Content delivery is the original reason behind the rise of CDNs such as Akamai and Limelight. By caching content, end users enjoy improved experiences online. Today, when that content is cached at the edge instead of the cloud, whether it is video, music or a traditional web page, end users benefit from optimized performance. Meanwhile, for developers, edge computing can free up the need to rely on a single CDN provider for all content delivery related services (e.g. caching, WAF, image optimization, etc.) and offer more flexibility to choose services and customize needs for each application or site.
Future Use Cases
As a result of the advances in edge computing, developers may soon have the ability to build a whole new class of consumer and industrial applications. At the Gartner Symposium/ITxpo in Orlando, Florida in 2018, David Cearley, Vice President and Fellow, told the crowded audience, “The future will be characterized by smart devices delivering increasingly insightful digital services everywhere”. Cearley added, “We call this the intelligent digital mesh”. He uses “intelligent” to signify the increasing amount of AI used in computing, “digital” to describe the growing combination of the digital and physical worlds, and “mesh” to signify the expanding connection points between people, enterprise, devices, content, and services.
One of the prime use cases for the intelligent digital mesh is smart cities. The main goal of a smart city is to optimize functions, help propel the city’s economic growth and improve quality of life for its residents through the use of smart technology and data analysis.

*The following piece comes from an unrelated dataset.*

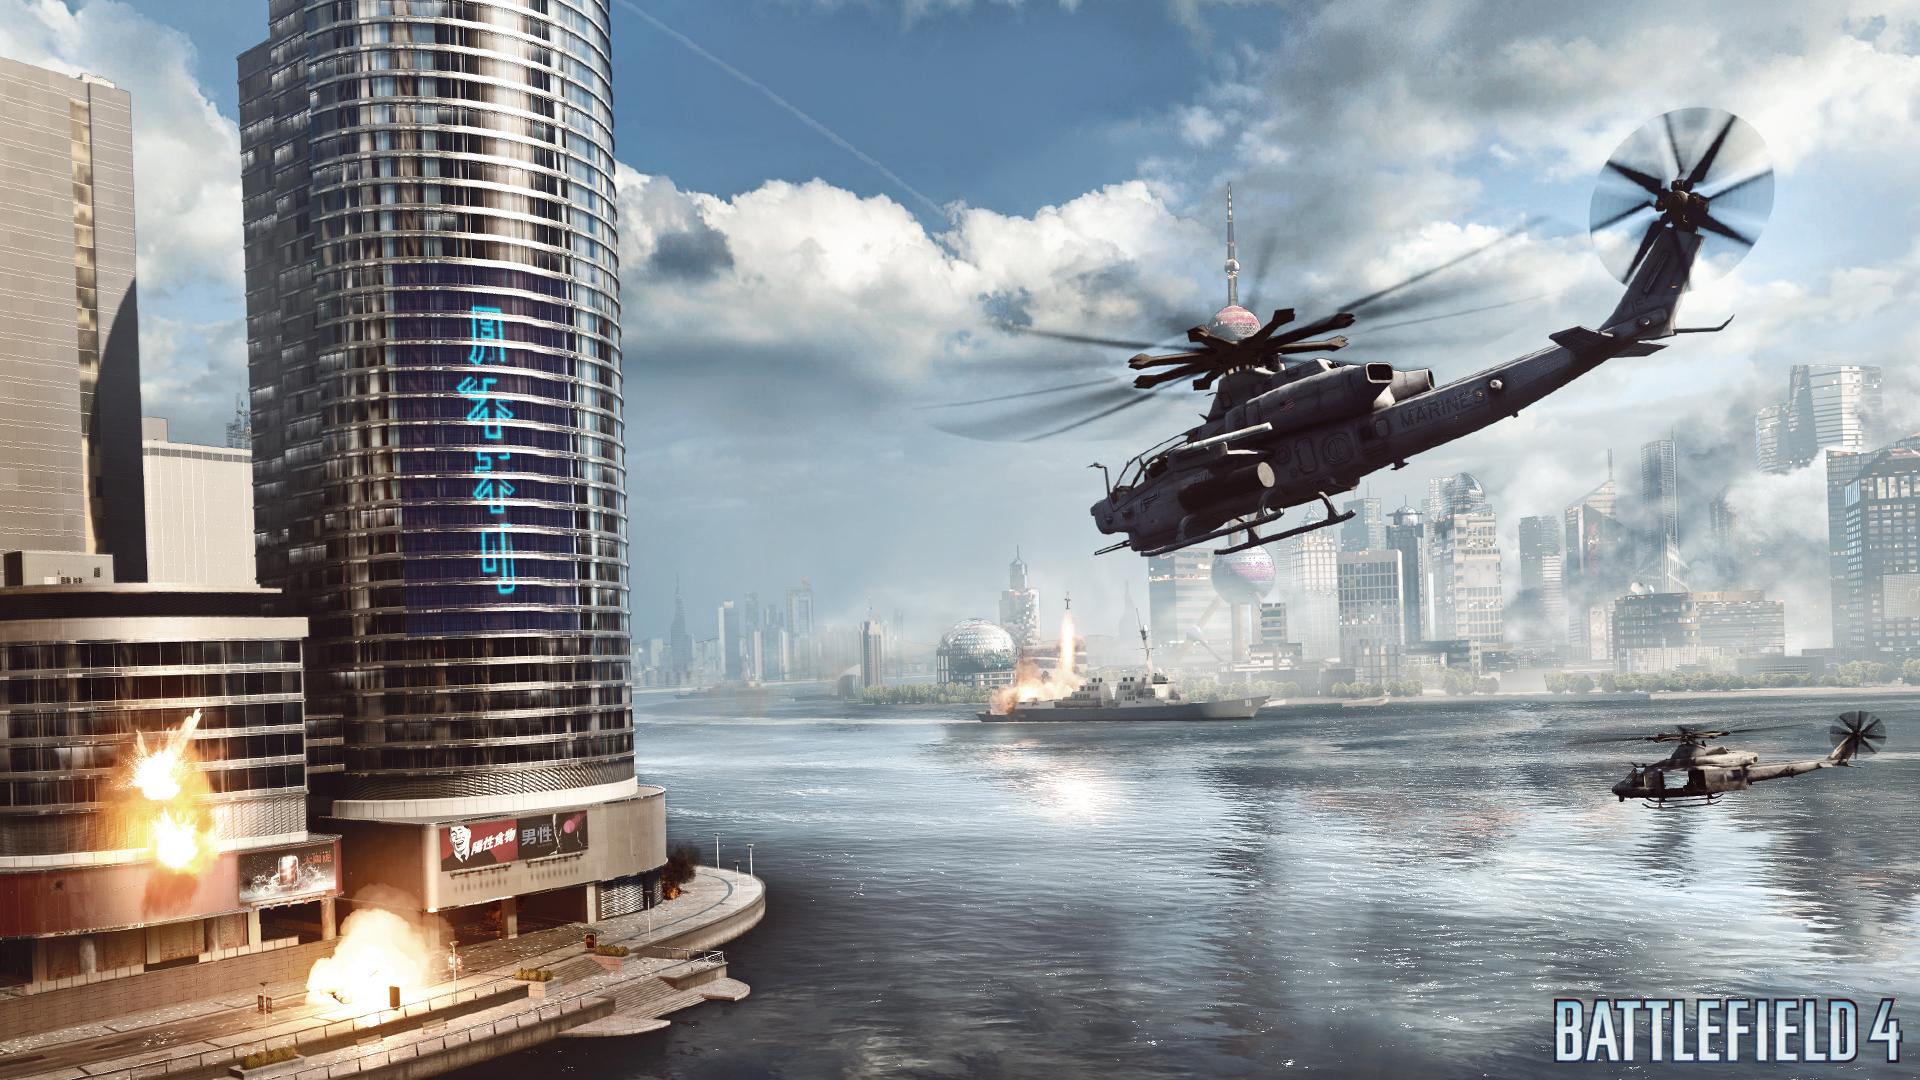 25  best ideas about <b>Battlefield 4</b> on Pinterest | Battlefeild 4 ...

The world’s population is growing more quickly than ever before. The United Nations recently predicted that 68% of the world’s population will live in urban areas by 2050. According to a 2017 report from the National League of Cities, 66% of cities in the US said they were investing in smart city infrastructure.
Using smart city initiatives to help manage a city’s growth could be ever more useful; for example, smart traffic management to monitor and analyze traffic flows can be used to optimize streetlights use or prevent roads from over-congestion based on rush hour schedules. Smart transit companies can better coordinate their services and fulfill the needs of riders in real-time. Ride-sharing can decrease the amount of regular traffic and provide a useful public service in a smart city. Energy conservation and efficiency can be improved via smart devices, such as energy sensors and smart grid technology. Environmental concerns such as air pollution and climate change can also be monitored and addressed.
The potential of smart cities the world over and their need for continuous connectivity can be enabled through edge compute and localizing digital infrastructure. In order for smart cities to become a reality, however, major investment in effective edge computing will be a necessity.
Applications Not Yet Imagined
There are many possibilities for edge applications that remain unimagined. As edge computing becomes more of an adopted reality, there are seemingly boundless opportunities for everything it can and will enable.